- _YOUR GOAL_
The listing below should be printed in full and exactly, apart from its images.

- _PROVIDED DATA_
_____

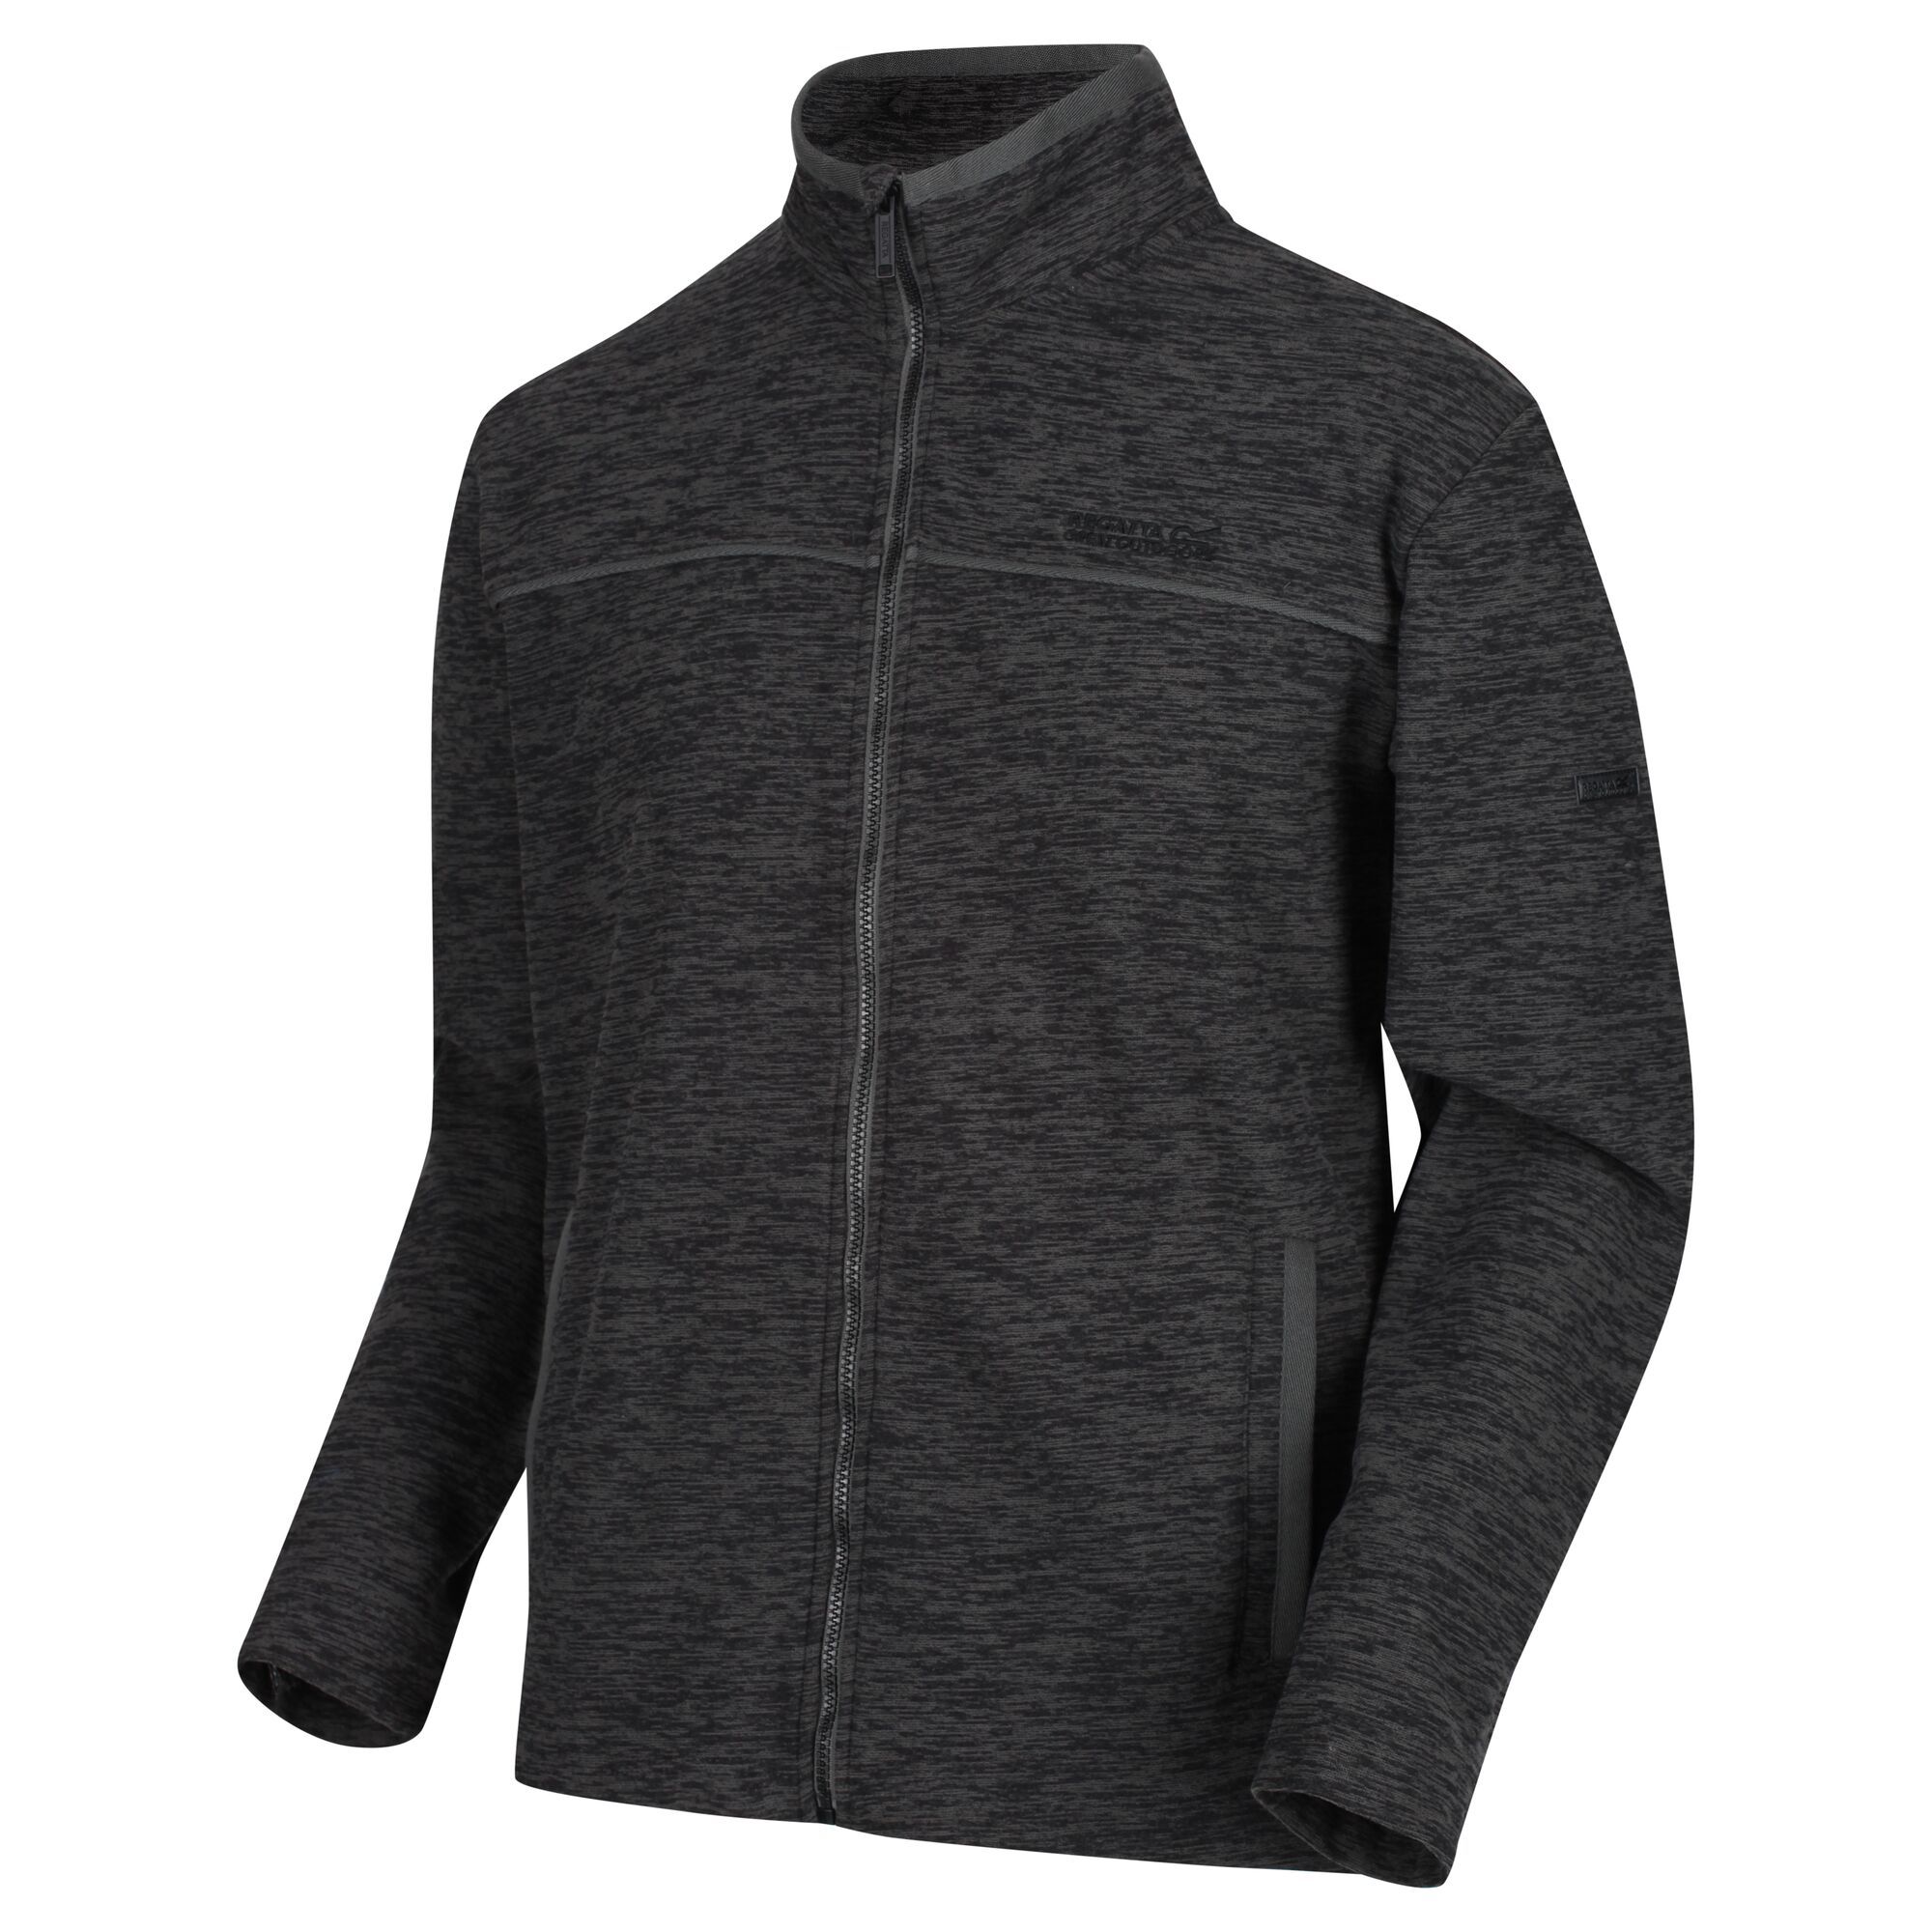 Material: polyester: 100%. 280 grams 100% polyester grid fleece. Inner zip guard. 2 lower pockets. Adjustable shockcord hem. Regatta outdoors badge on the left sleeve. Wear it to bulk up your deep winter layers or as a jacket on milder days.
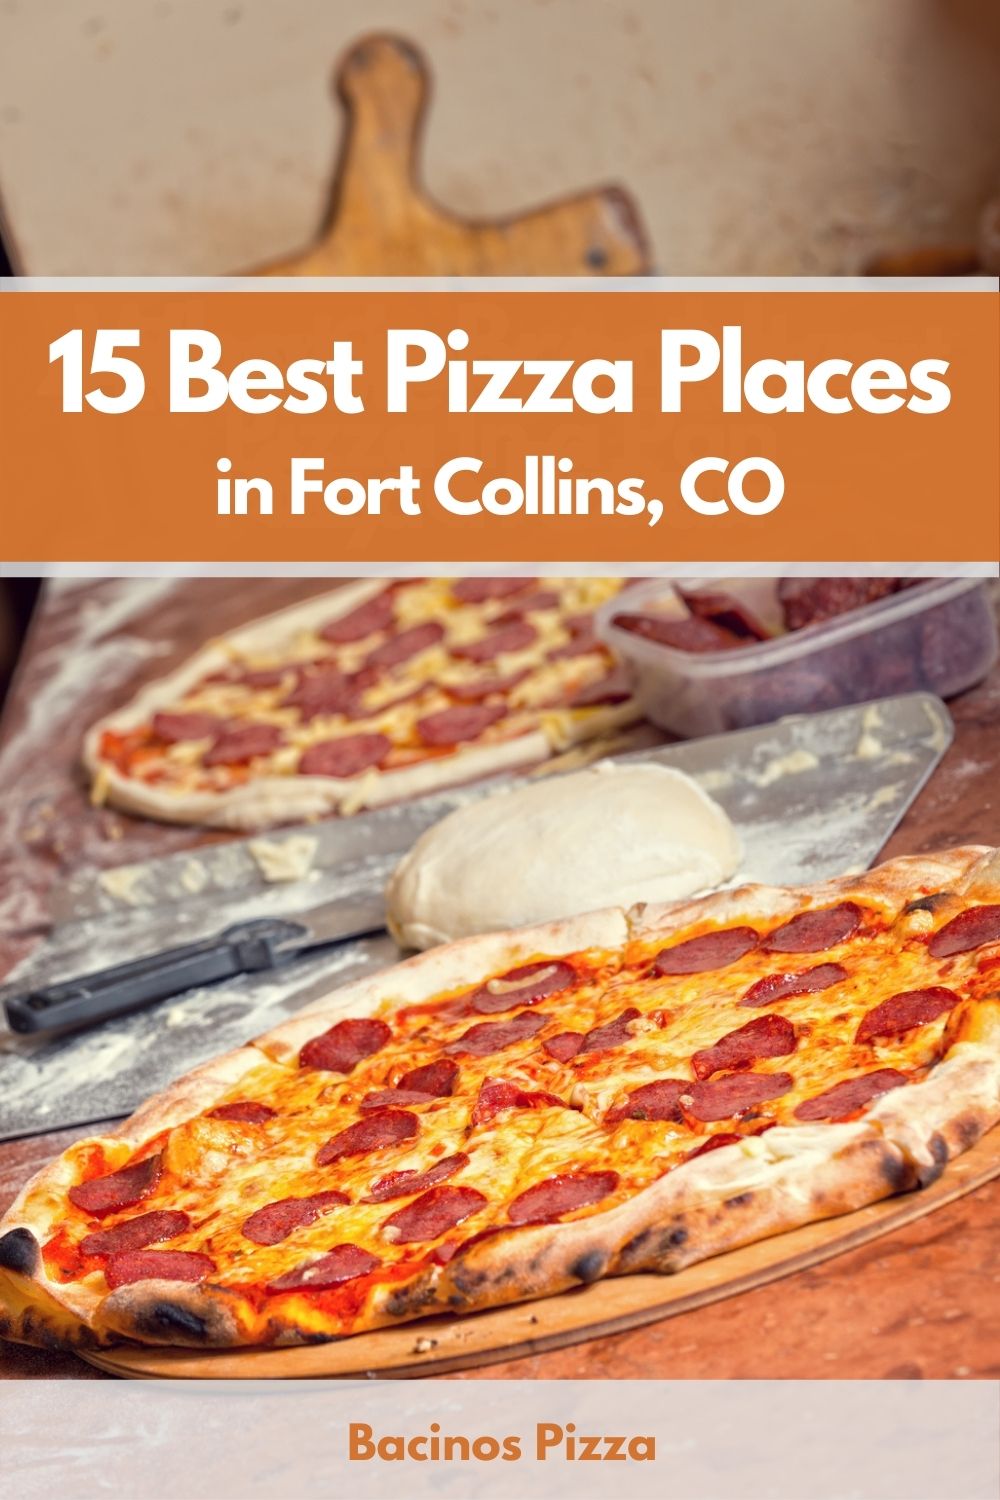 15 Best Pizza Places in Fort Collins CO pin 2
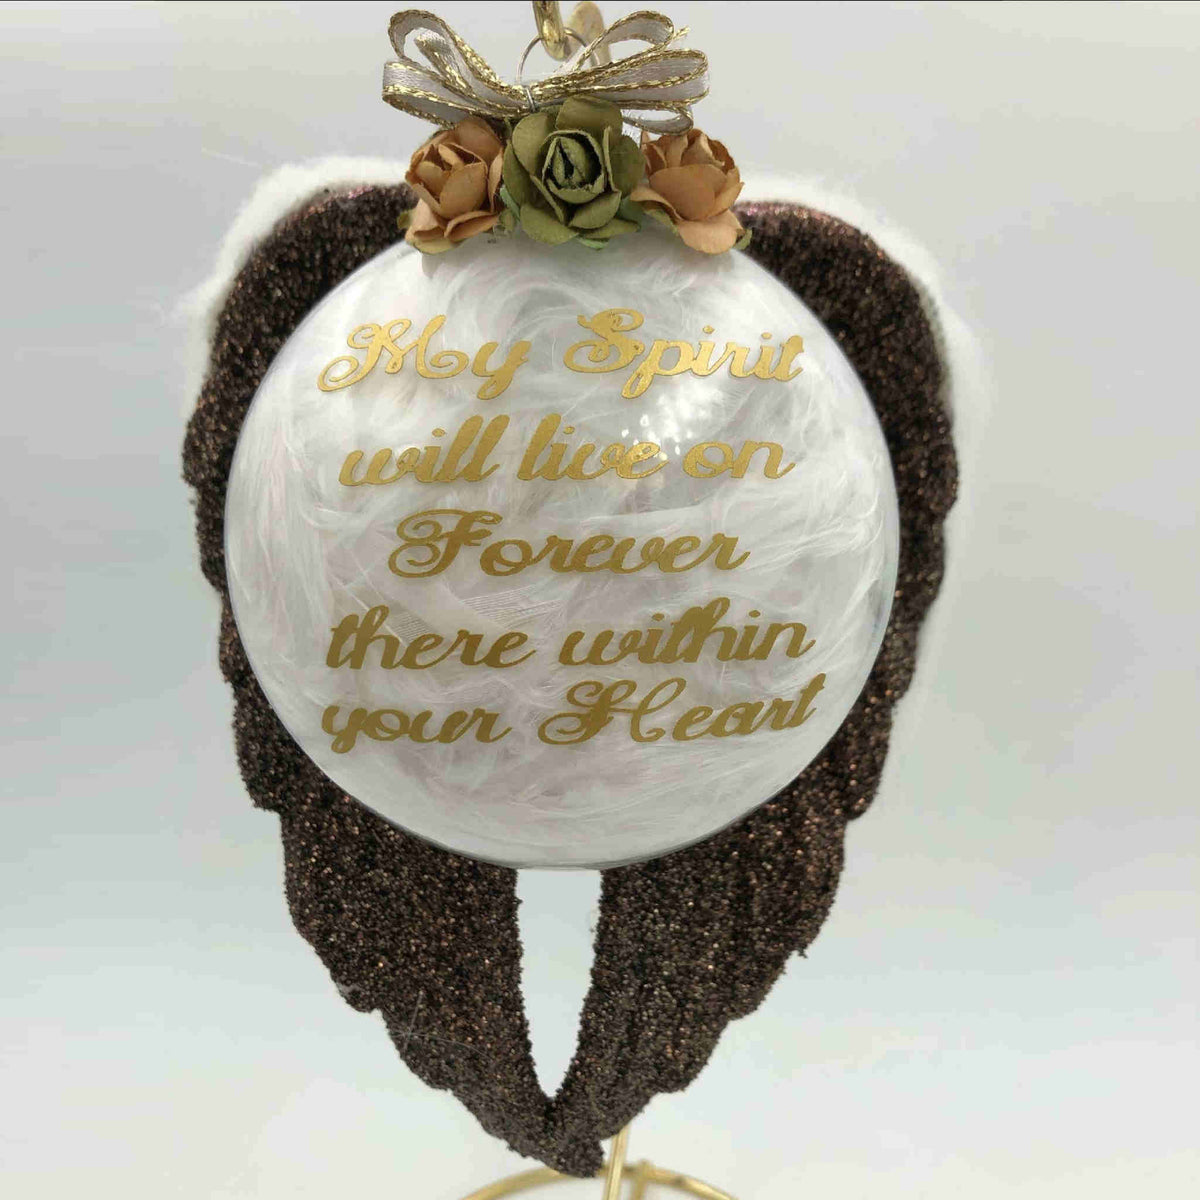 These acrylic ornaments are made in a variety of colors with custom verses, and adorned with glitter, feathers, fur, charms, flowers, or other decorative elements dependent on your selection.
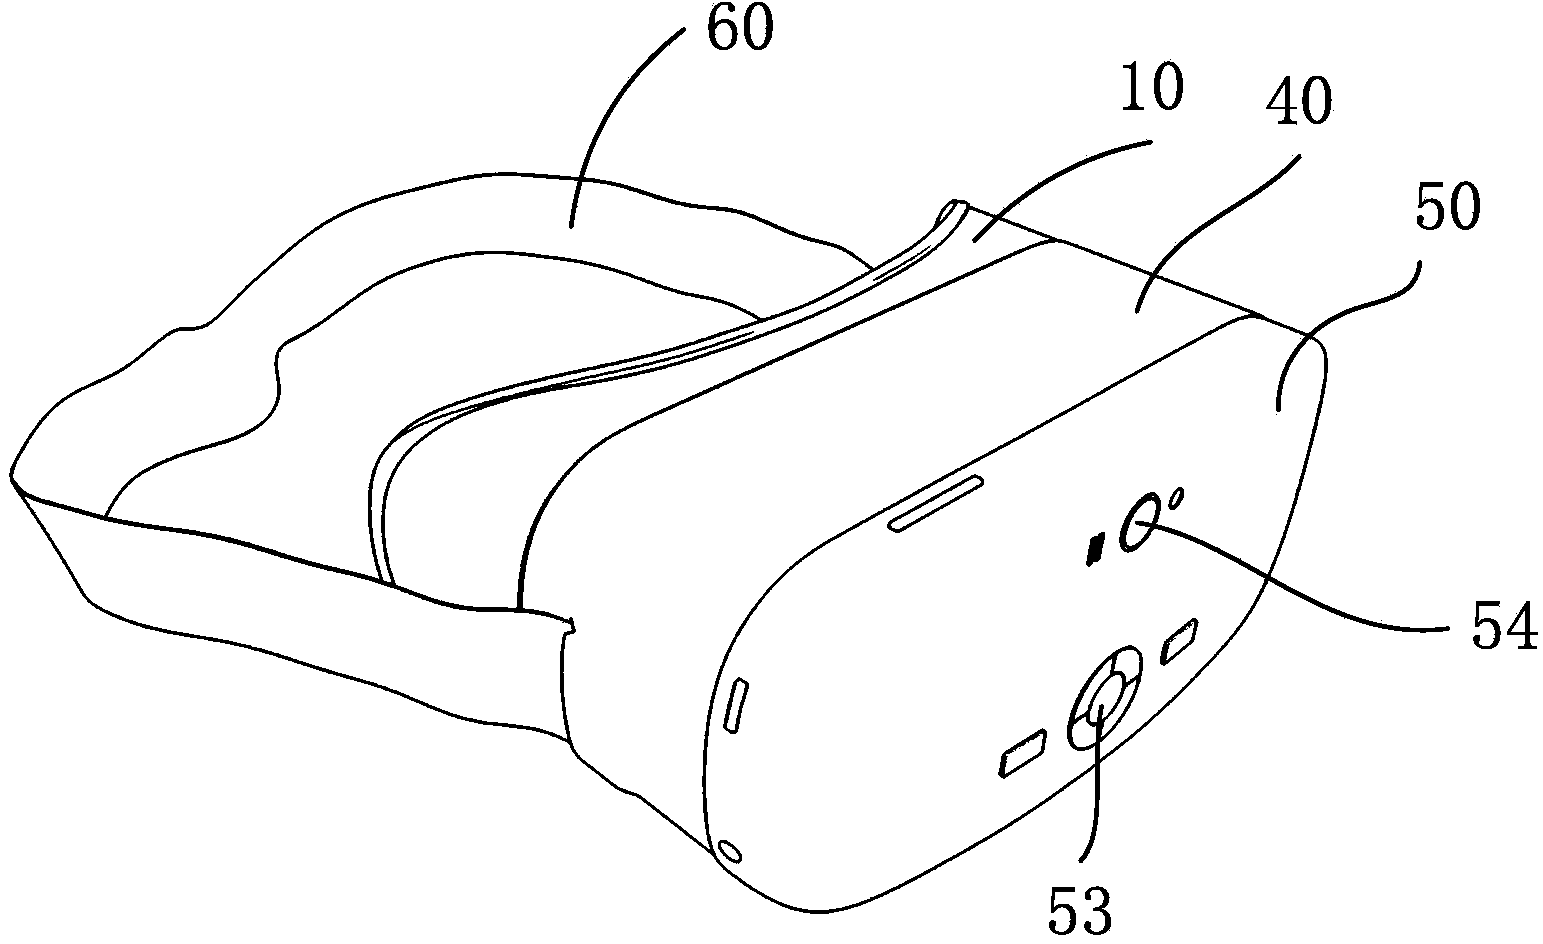 Head mounted lens amplifying electronic display device

_____

- _TASK RESULT_
 Material: polyester: 100%. 280 grams 100% polyester grid fleece. Inner zip guard. 2 lower pockets. Adjustable shockcord hem. Regatta outdoors badge on the left sleeve. Wear it to bulk up your deep winter layers or as a jacket on milder days.
 15 Best Pizza Places in Fort Collins CO pin 2
 These acrylic ornaments are made in a variety of colors with custom verses, and adorned with glitter, feathers, fur, charms, flowers, or other decorative elements dependent on your selection.
 Head mounted lens amplifying electronic display device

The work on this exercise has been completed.